- Opening Delimiter -
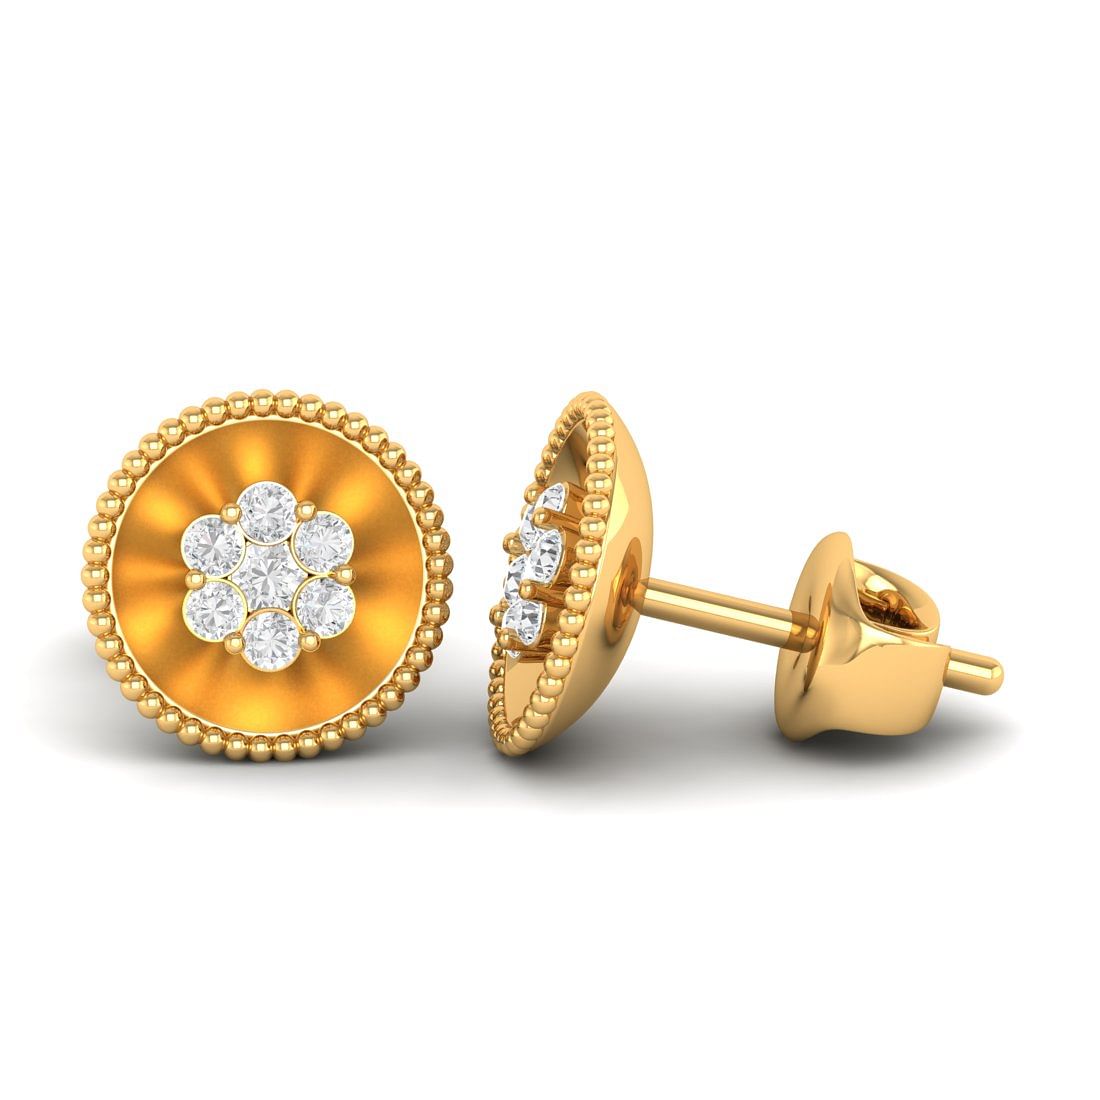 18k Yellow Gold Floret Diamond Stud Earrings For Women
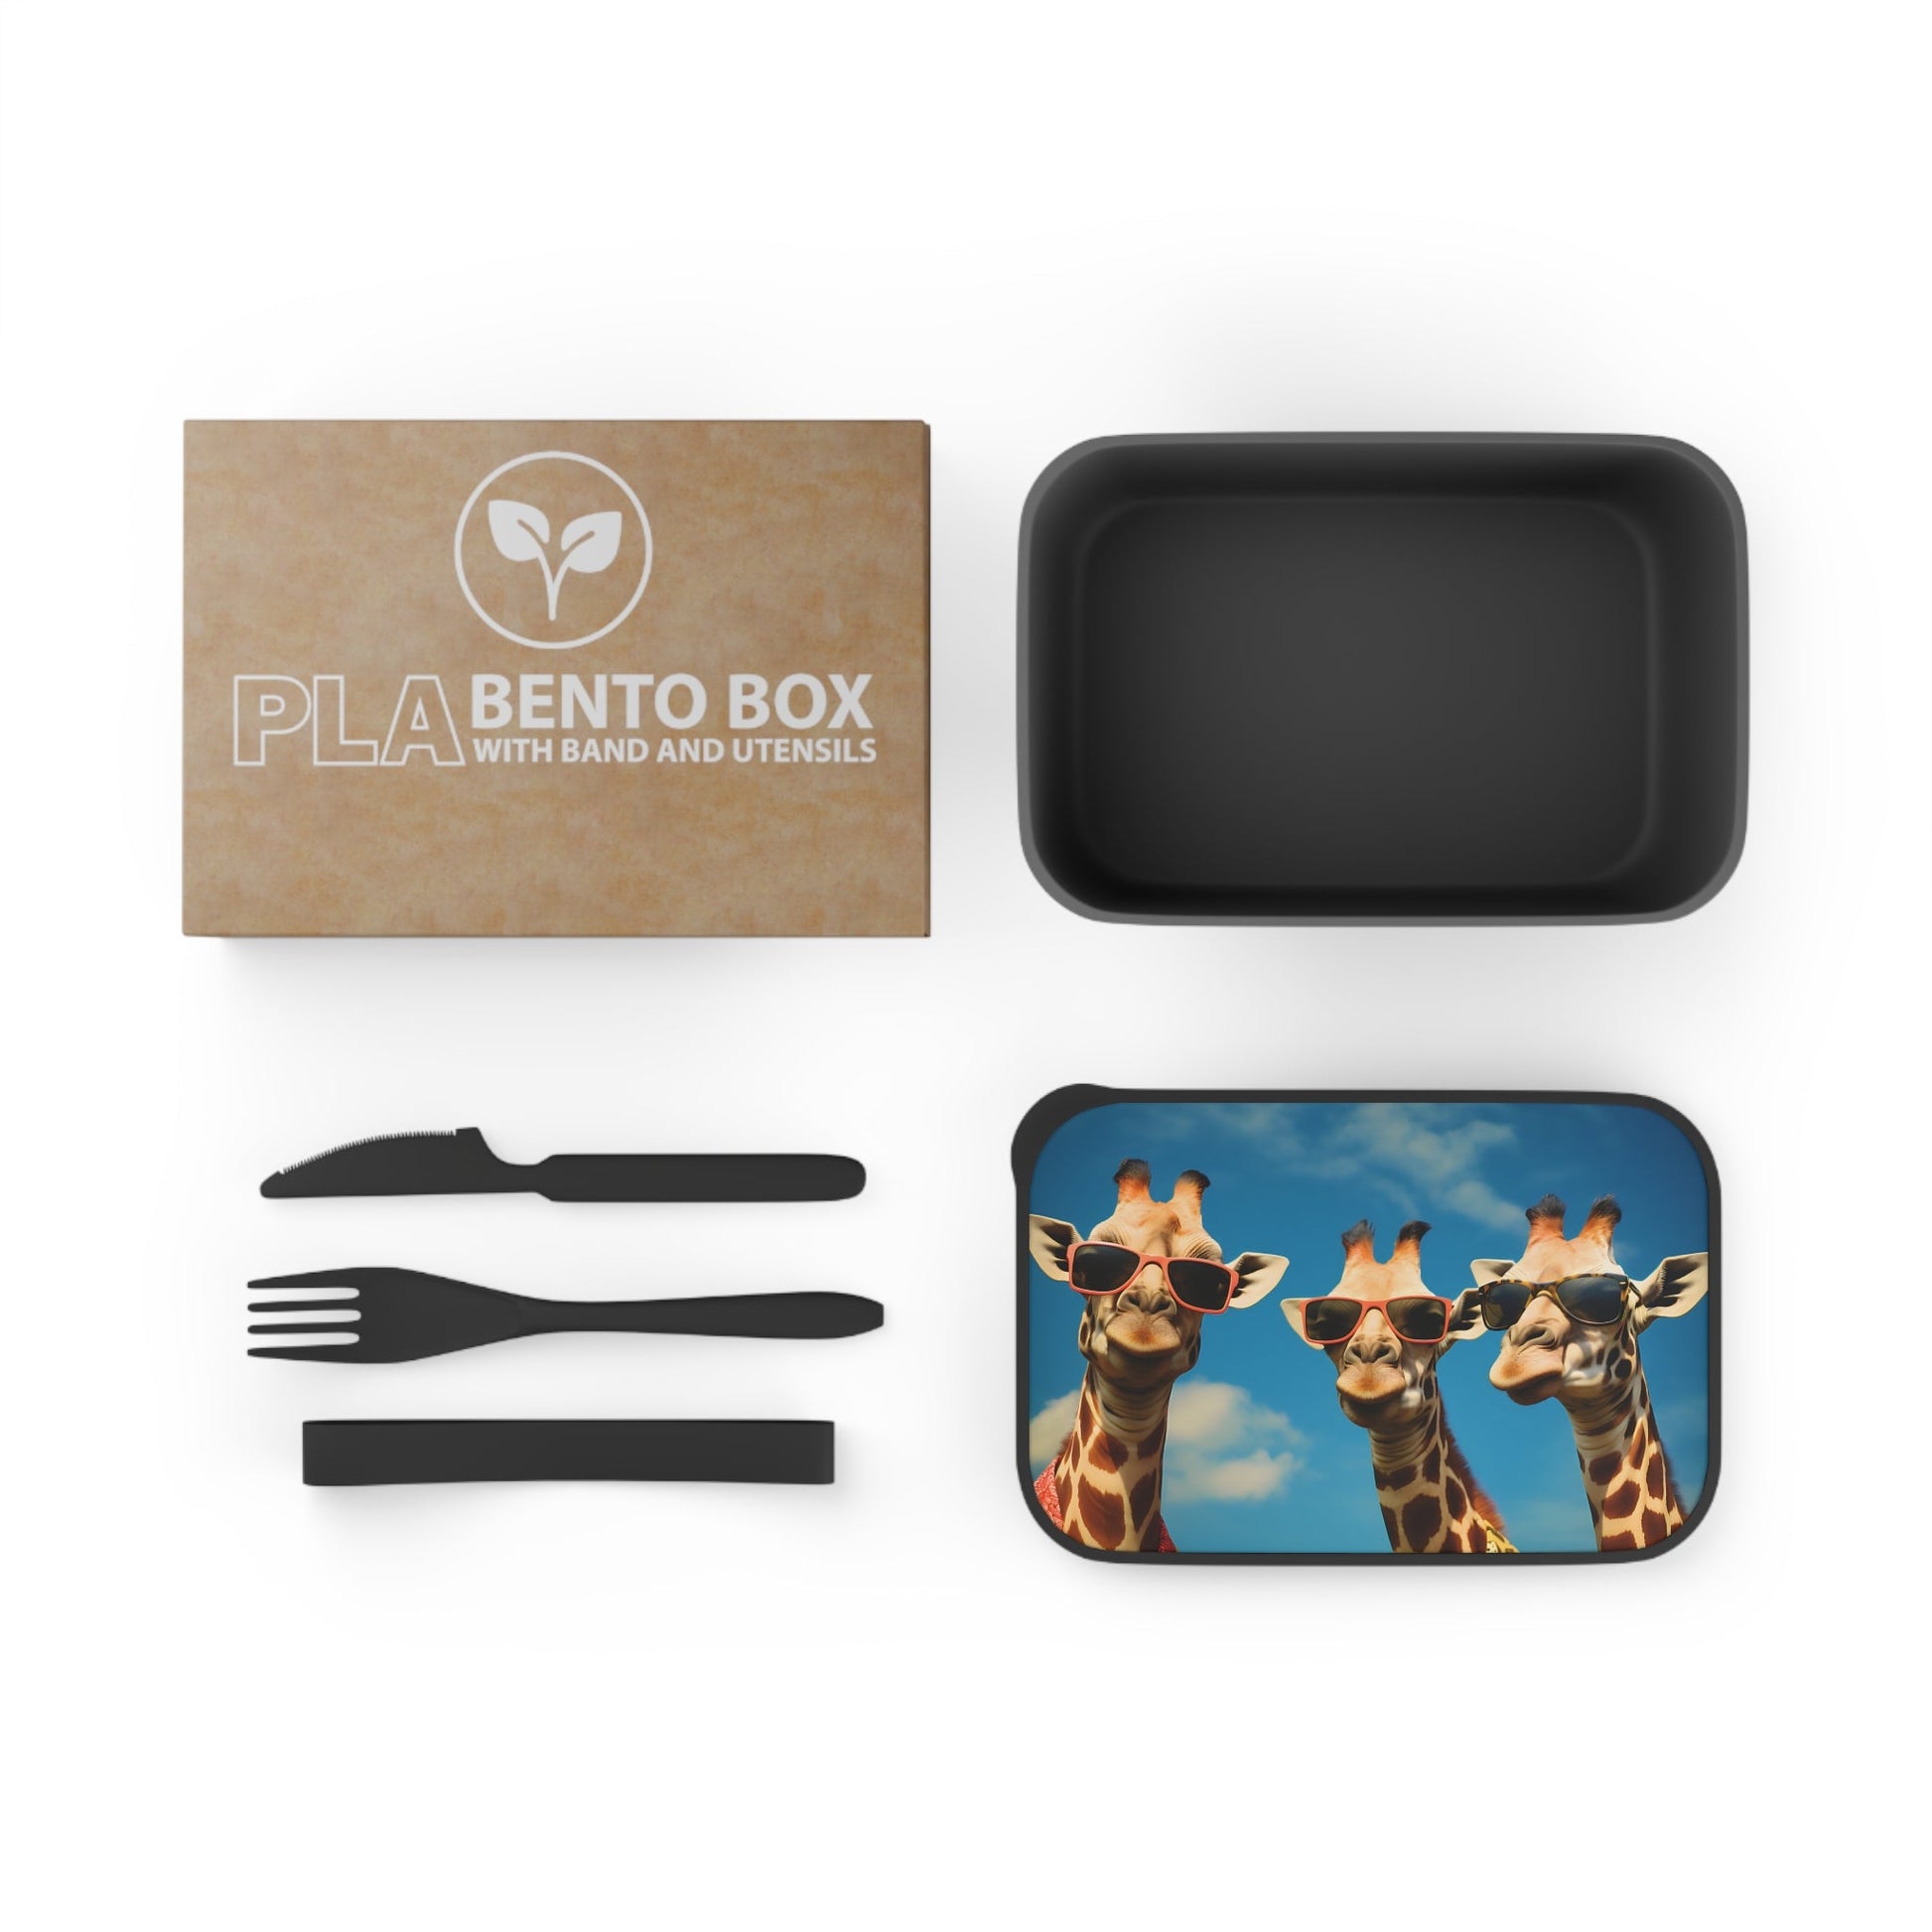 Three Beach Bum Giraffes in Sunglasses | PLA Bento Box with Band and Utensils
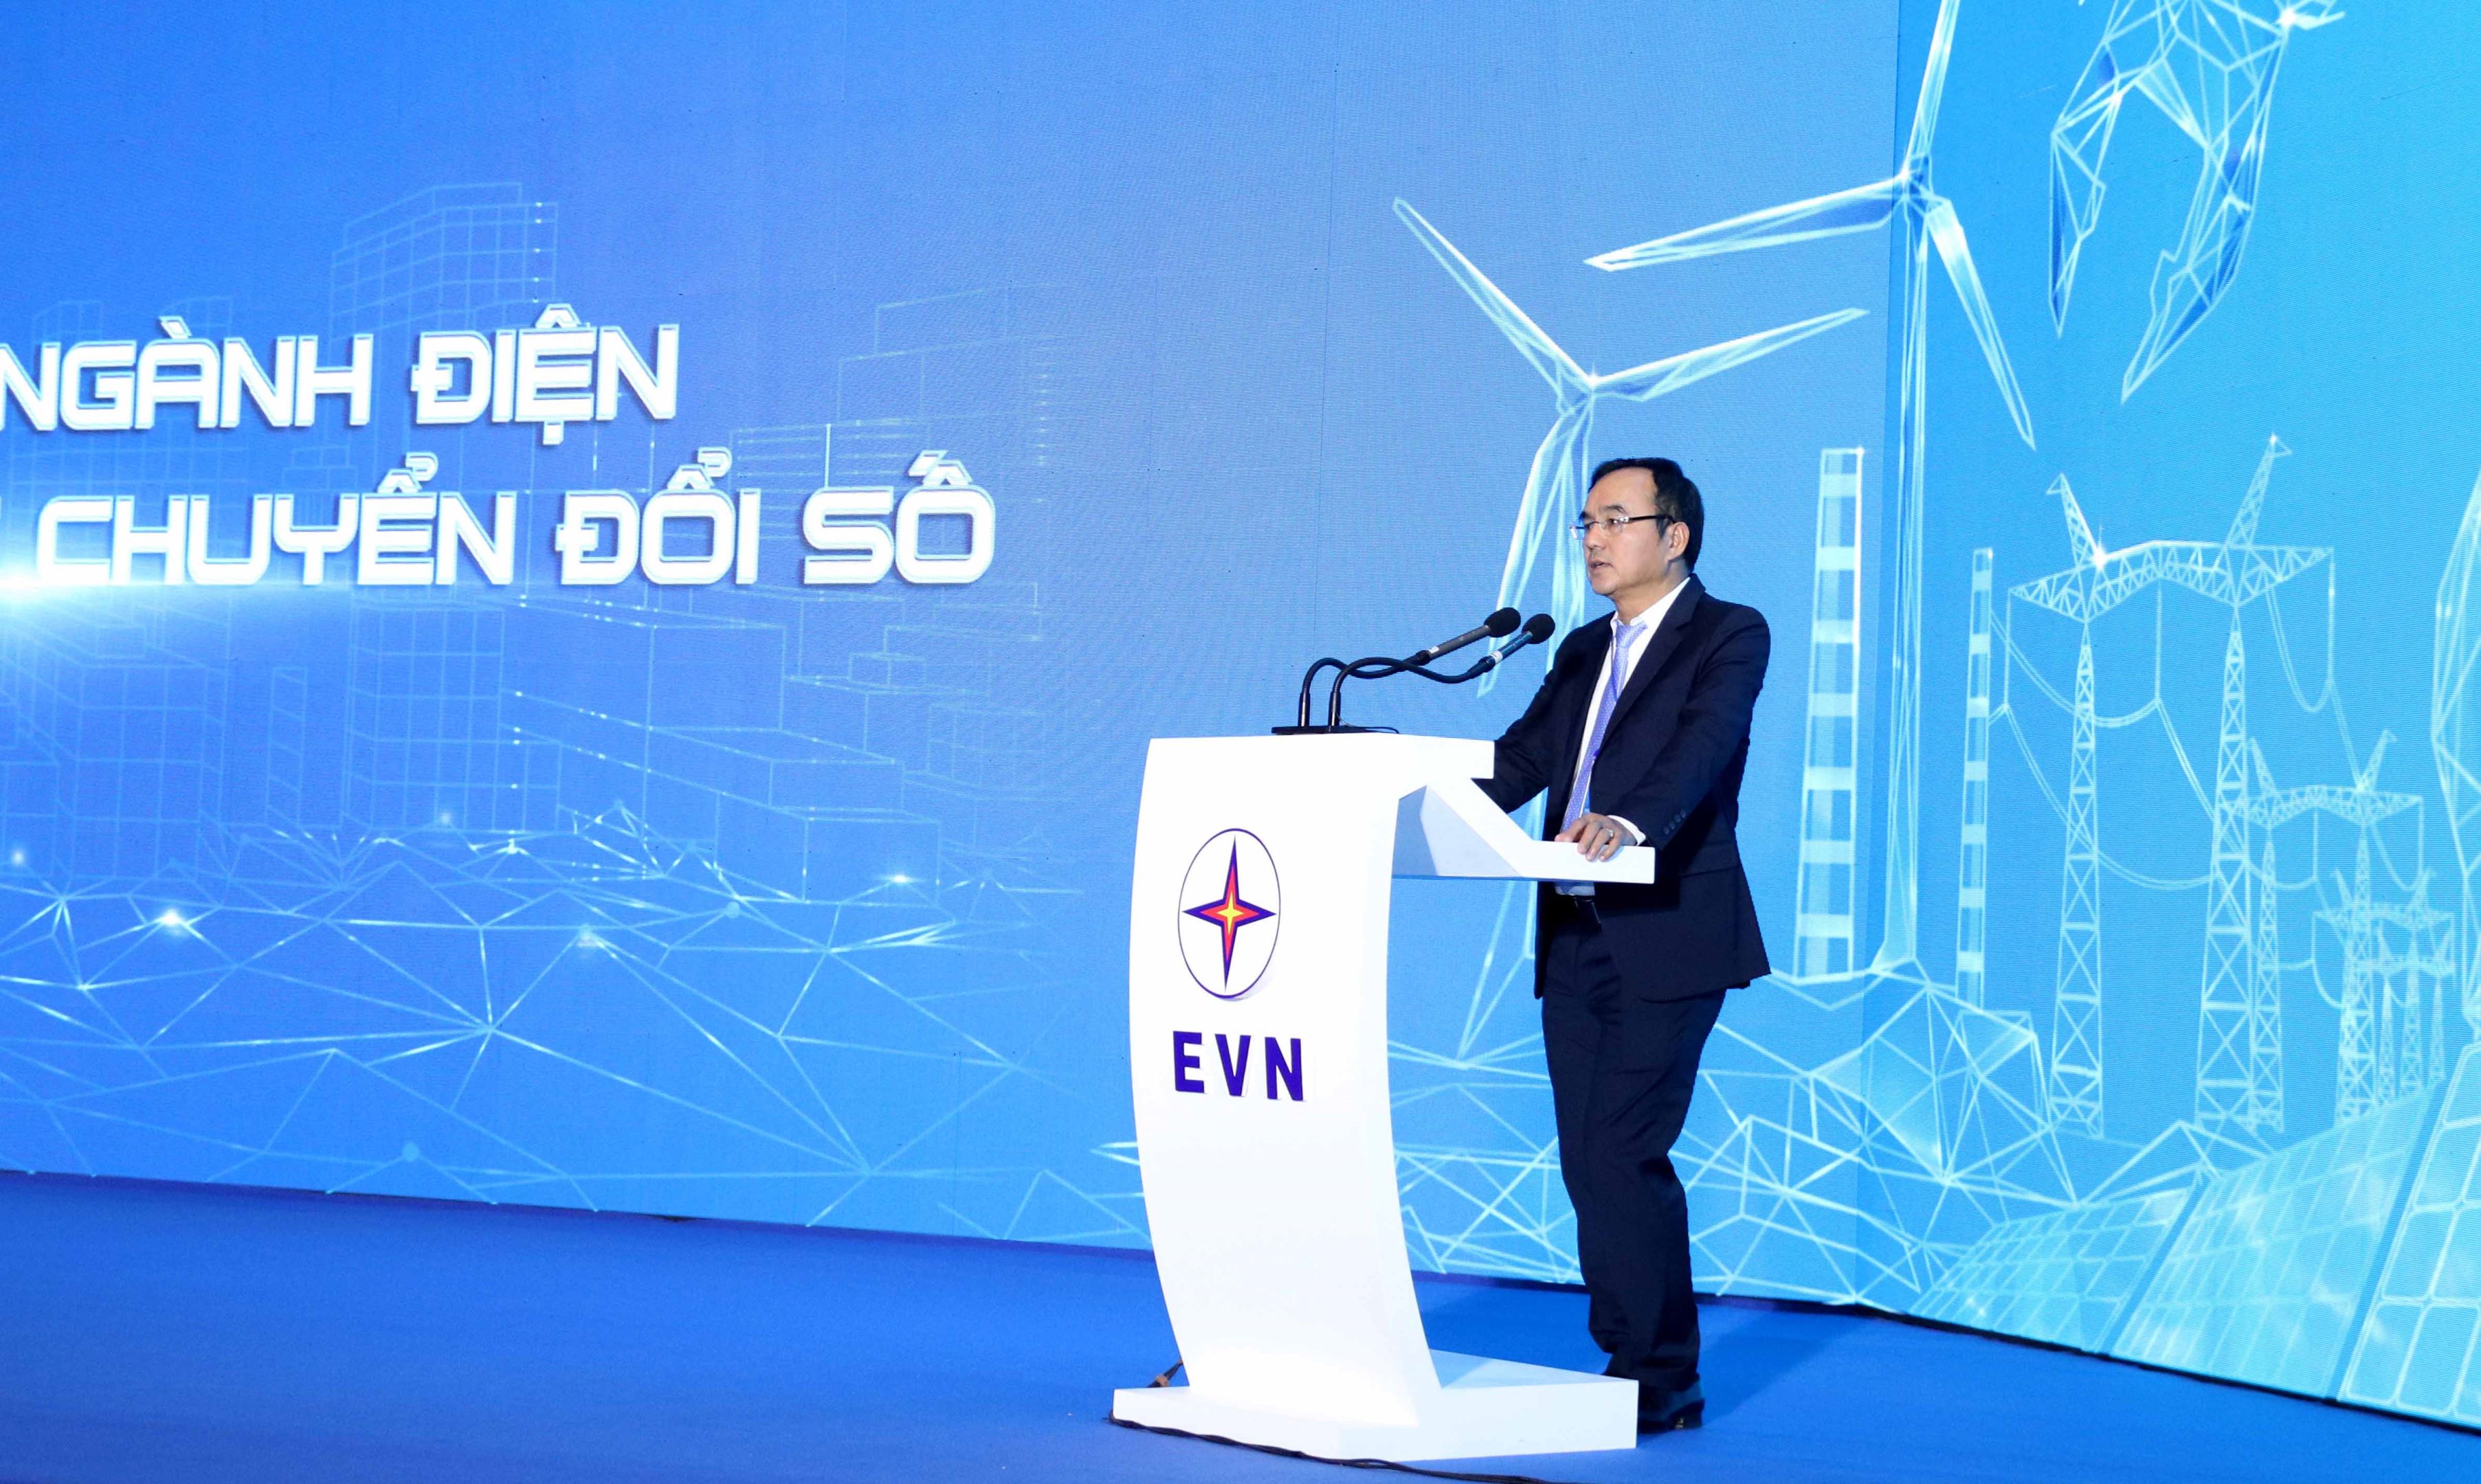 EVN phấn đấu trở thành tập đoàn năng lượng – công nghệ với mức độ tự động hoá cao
- Closing Delimiter -
» Task statement: Only the lines from the line with "Three Beach Bum" through the closing line of the data, both included, should be set down, exactly as written and without pictures.

» Exercise output:
 Three Beach Bum Giraffes in Sunglasses | PLA Bento Box with Band and Utensils
 EVN phấn đấu trở thành tập đoàn năng lượng – công nghệ với mức độ tự động hoá cao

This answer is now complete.